En l’espèce, une salariée saisit le conseil de prud’hommes de Toulon pour contester son licenciement. L’employeur est condamné et forme appel contre ce jugement. Dans sa déclaration d’appel, l’employeur ne précise pas les chefs de jugement critiqués, mais procède par renvoi à une annexe intitulée « Pièce jointe faisant corps avec la déclaration d’appel » transmise par RVPA le même jour.
La Cour d’appel rejette l’appel, en indiquant qu’ « […] au moment où l’appel a été interjeté […] l’appelante ne démontre pas avoir été dans l’impossibilité de faire figurer [les mentions obligatoires devant figurer dans la déclaration d’appel], laquelle pouvait parfaitement contenir l’intégralité des chefs de jugement critiqués », et qu’ « […] il en résulte que le document joint à la déclaration d’appel n’a aucune valeur procédurale et ne fait pas partie intégrale de cette déclaration […] ».
L’appelant forme pourvoi en cassation, plaidant que la déclaration d’appel est faite par acte contenant les chefs du jugement expressément critiqués auxquels l’appel est limité, sauf si l’appel tend à l’annulation du jugement ou si l’objet du litige est indivisible, et qu’il résulte des articles 3 et 6 de l’arrêté du 30 mars 2011 relatif à la communication par voie électronique dans les procédures avec représentation obligatoire devant les cours d’appel, en vigueur jusqu’au 22 mai 2020, et de la circulaire du ministère de la Justice du 4 août 2017 « que les chefs du jugement critiqués peuvent être listés dans une pièce jointe annexée à la déclaration d’appel faisant corps avec elle ». Ayant interjeté appel le 26 septembre 2019 par voie électronique, l’appelant fait grief à la cour d’appel d’avoir rejeté sa déclaration d’appel.
Dans la seconde branche du moyen, le demandeur se fonde sur l’article 6, § 1, de la Convention européenne de sauvegarde des droits de l’homme et des libertés fondamentales qui sanctionne toute atteinte disproportionnée au droit d’accès au juge.
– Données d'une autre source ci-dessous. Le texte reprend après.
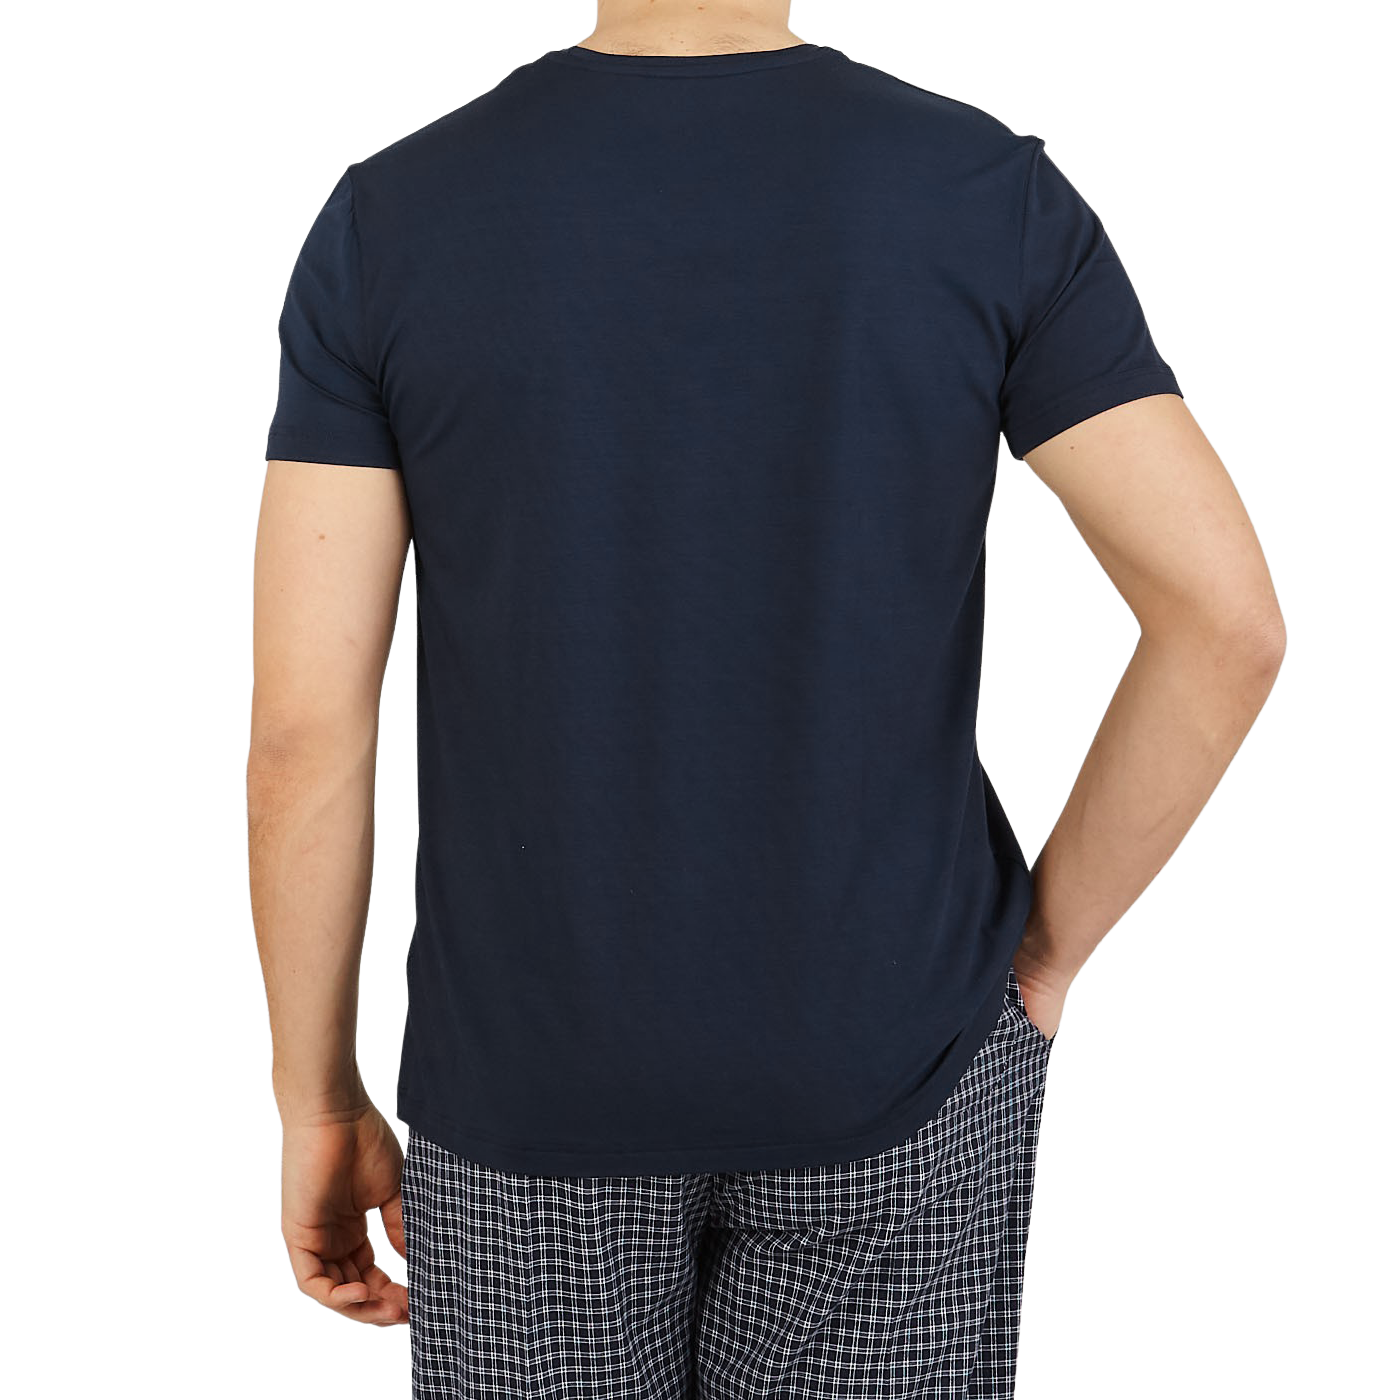 Derek Rose Navy Blue Micro Modal Stretch T-shirt Back

Il ajoute que l’atteinte au droit d’accès au juge est d’autant plus disproportionnée « que l’absence d’effet dévolutif est relevée d’office par la juridiction d’appel postérieurement à la clôture des débats, privant ainsi l’appelant de toute possibilité de régularisation, laquelle est admise seulement dans le délai accordé pour conclure ».
La Cour de cassation est intransigeante, et rejette le pourvoi. Selon la Cour, le décret du 25 février 2022, qui a modifié l’article 901 4° du code de procédure civile en tant qu’il prévoit que « la déclaration d’appel est faite par acte contenant, à peine de nullité, les chefs du jugement expressément critiqués auxquels l’appel est limité, sauf si l’appel tend à l’annulation du jugement ou si l’objet du litige est indivisible, en ajoutant dans ce texte, après les mots : « faite par acte », les mots : « , comportant le cas échéant une annexe, », n’est pas applicable en l’espèce. En effet, si l’article 6 du décret précise que la disposition susmentionnée est applicable aux instances en cours, et que par un avis du 8 juillet 2022 (n° 22-70.005), la Cour de cassation a indiqué que le décret du 25 février 2022 est immédiatement applicable aux instances en cours pour les déclarations d’appel qui ont été formées antérieurement à l’entrée en vigueur de ce décret, « l’instance devant une cour d’appel, introduite par une déclaration d’appel prend fin avec l’arrêt que rend cette juridiction. Elle ne se poursuit pas devant la Cour de cassation, devant laquelle est introduite une instance distincte. Il en résulte que le décret du 25 février 2022 n’est pas applicable au présent litige ». Dès lors, la Cour de cassation confirme la décision de la cour d’appel, qui a fait une exacte application des textes précités, sans porter d’atteinte disproportionnée au droit d’accès au juge.
On remarquera en lisant l’arrêt d’appel[1] que l’intimée n’avait pas soulevée l’absence d’effet dévolutif d’appel. Néanmoins, lors de l’audience d’appel, les juges ont invité les parties à produire une note contradictoire en délibérée sur l’absence d’effet dévolutif de l’appel au vu de la déclaration d’appel qui ne contient aucun chef de jugement critiqué.
Dans sa jurisprudence antérieure,[2] la Cour avait déjà précisé que le défaut d’une mention prévue à l’article 901 du code de procédure civile doit être soulevé devant le conseiller de la mise en état, avant toute défense au fond et fin de non-recevoir, et en justifiant d’un grief (art. 74 et 114 C. pr. civ.). Précédemment,[3] la Cour de cassation avait cassé un arrêt d’appel au motif que la nullité pour vice de forme ne peut être relevée d’office par le juge. Néanmoins, dans cette espèce, les juges d’appel n’avaient pas mis en mesure les parties de discuter contradictoirement l’irrégularité invoquée.